National security adviser Robert O'Brien said Friday that he agrees "100%" with Attorney General William Barr's assertion that China is being more aggressive with its attempts to influence the 2020 election than other malign actors, including Russia, but offered little evidence to back up the claim.
"What the intelligence community has made very clear," O'Brien told reporters during a news briefing at the White House on Friday, "first you have China, which has the most massive program to influence the United States politically, you have Iran and you have Russia. These are all three adversary countries that are seeking to disrupt our elections."
"Some of them prefer Biden; some people say some of them prefer the President," he said, notably sounding certain that some are pushing for Biden but casting some level of doubt on whether some are pushing for Trump. "My position is it doesn't matter what these countries want, that any country that attempts to interfere with free and fair elections of the United States has to be stopped."
In addition to highlighting the threat posed by China, Barr went out of his way to dilute the intelligence community's assessment that Russia is again actively interfering in a US election, during an interview with CNN's Wolf Blitzer on Wednesday.
"I accept that there is some preliminary activity that suggests that they might try again," Barr said of Russia. "It wouldn't surprise me if Russia tries something again of the same general genre before."
US intelligence officials and the Senate Intelligence Committee have made bolder assertions warning of the threat Russia poses this year after it hacked the Democrats in 2016 and ran social media influence operations during the 2016 and 2018 elections.
"The threat is ongoing," Sen. Richard Burr, a North Carolina Republican who chaired much of the Senate Intelligence Committee's investigation into Russian election interference, said in a statement last month after the panel released the findings of its bipartisan probe. "My hope is that this report and the Committee's work will provide the American people with more insight into the threats facing our nation and the steps necessary to stop them."

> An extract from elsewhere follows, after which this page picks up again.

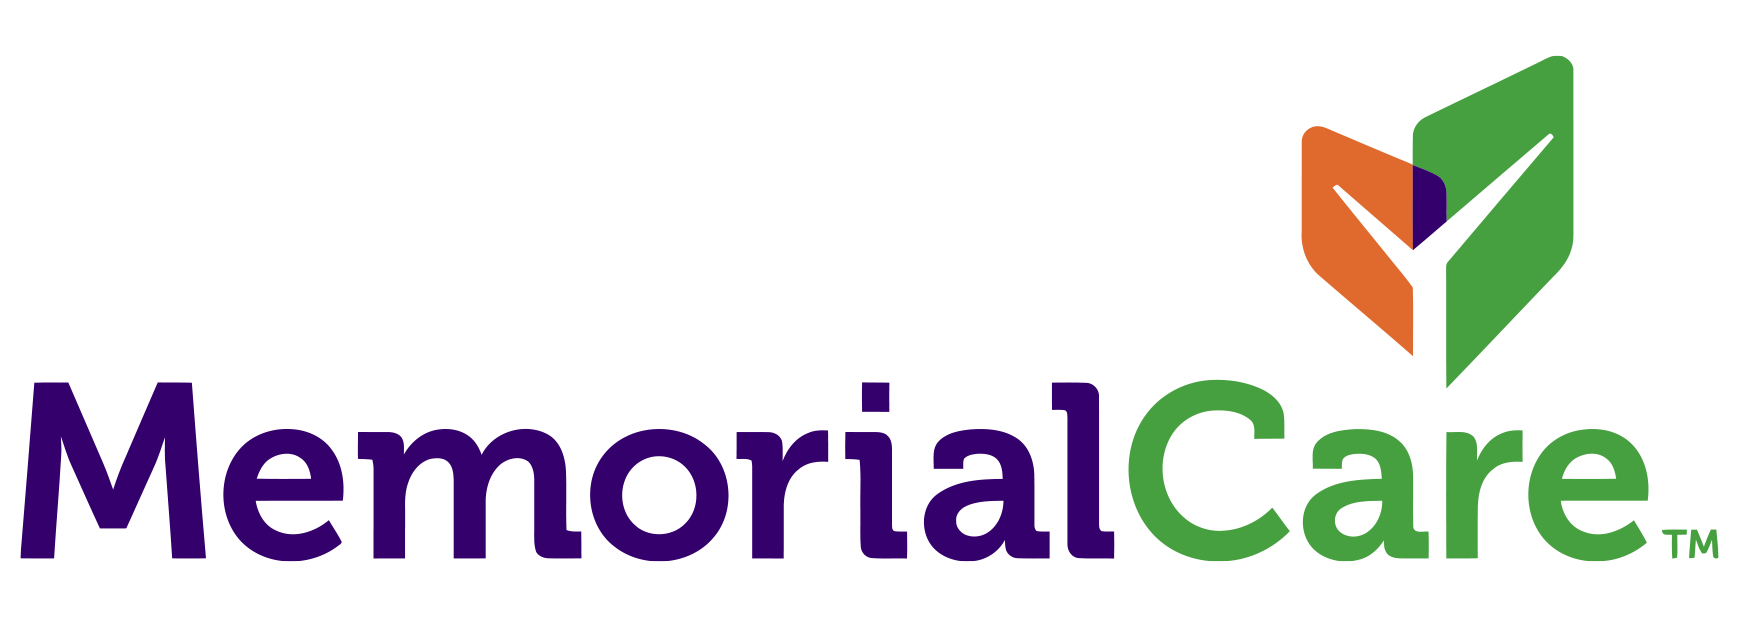 Memorial Care logo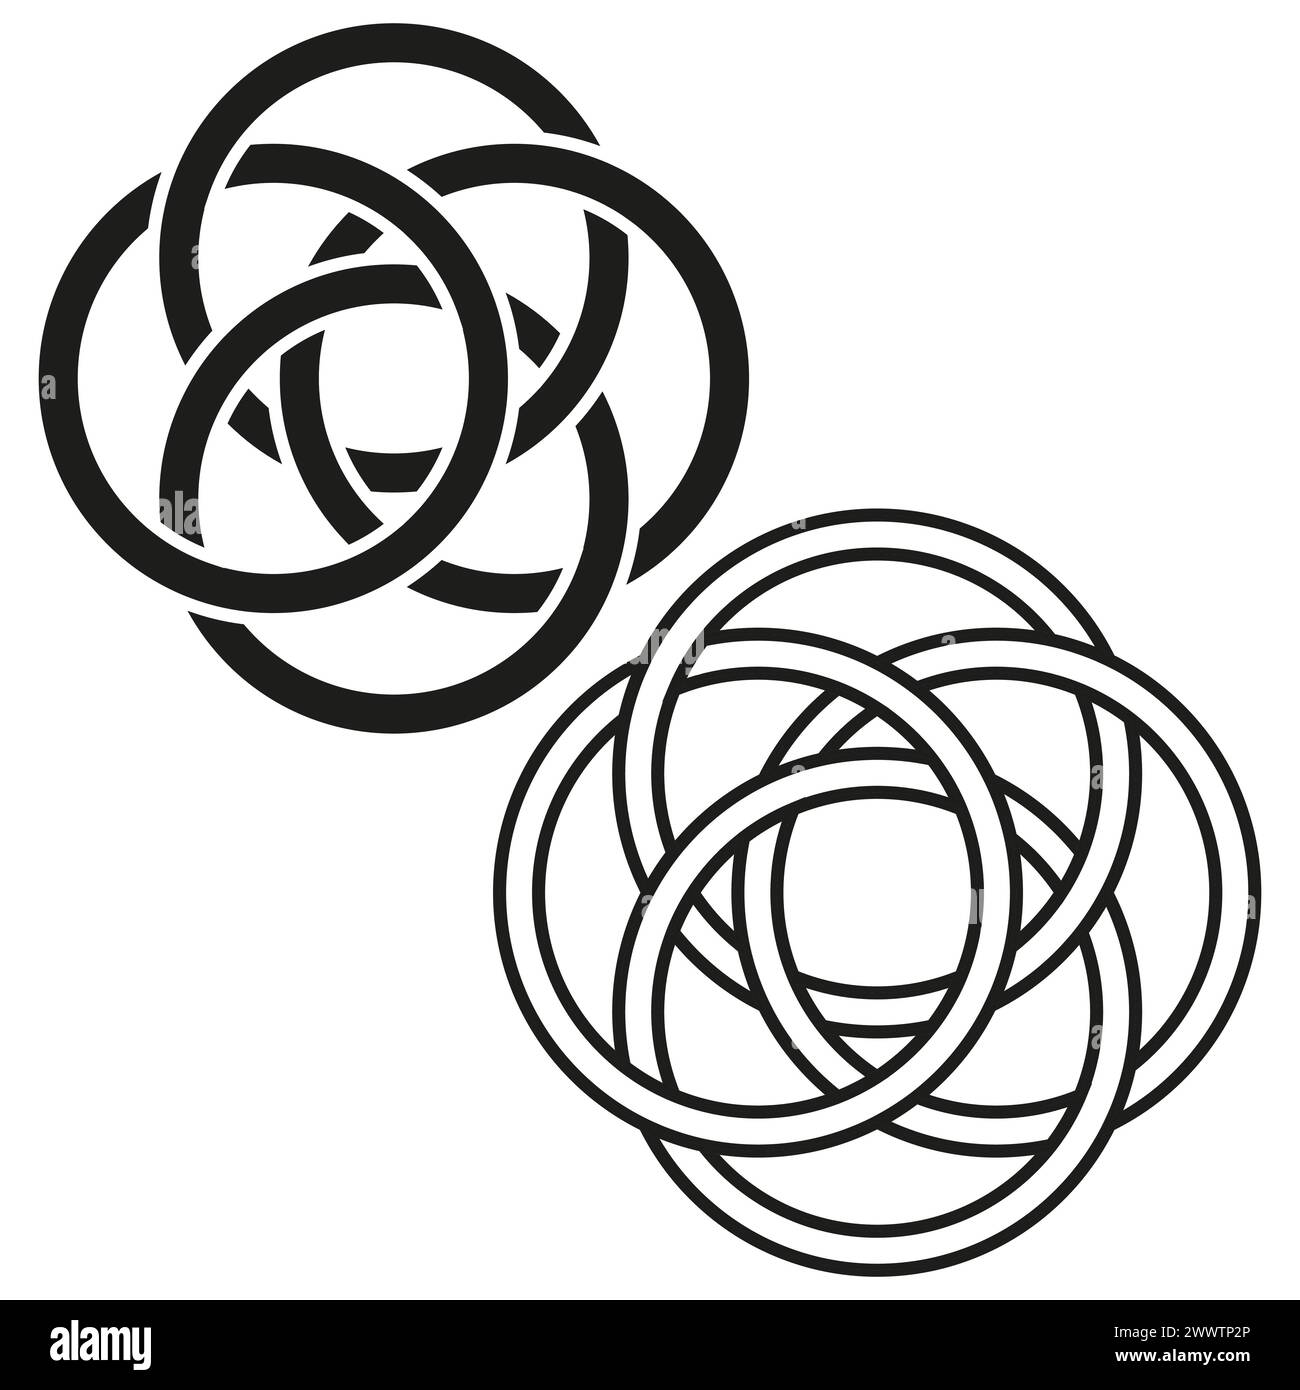 Abstraktes, ineinander greifendes Kreisdesign. Muster überlappender Ringe. Keltisch inspiriertes Knotenkunstwerk. Vektorabbildung. EPS 10. Stock Vektor

But the Trump campaign and some Republicans responded to the report with a backward-looking critique and insistence there had been "no collusion," rather than questioning how American politics may still be vulnerable to foreign disinformation and interference in 2020.
That reaction, coupled with recent comments downplaying Russia's ongoing efforts, have prompted Democrats to accuse the President and his allies of misconstruing what US intelligence shows about the threat of foreign interference ahead of November.
Sipher, whose 28-year career at the CIA included a stint running the agency's Russia operations, called the comments about China from top Trump officials "pure deflection."
"If someone says Russia is worse, Republican politicians can point at the larger geopolitical threat from China. True, but not relevant to the issue of election interference. Only one power is trying to subvert the election," he said.
House Intelligence Chairman Adam Schiff went as far as accusing Trump officials like Barr of "lying" when saying the intelligence shows China is actively interfering.
"If you look at what the intelligence director Evanina, who runs the National Counterintelligence Center, what he said in his public written statement, he said that Russia was actively interfering, actively engaging across a range of measures to influence the outcome. China had a preference. And if you look at that, you can tell that Bill Barr is just flat-out lying to the American people, and it's tragic but it's as simple as that," he told CNN's Dana Bash.
The California Democrat also said he's confident he's seen the same intelligence as Barr and other top officials who have said China is interfering more aggressively than Russia.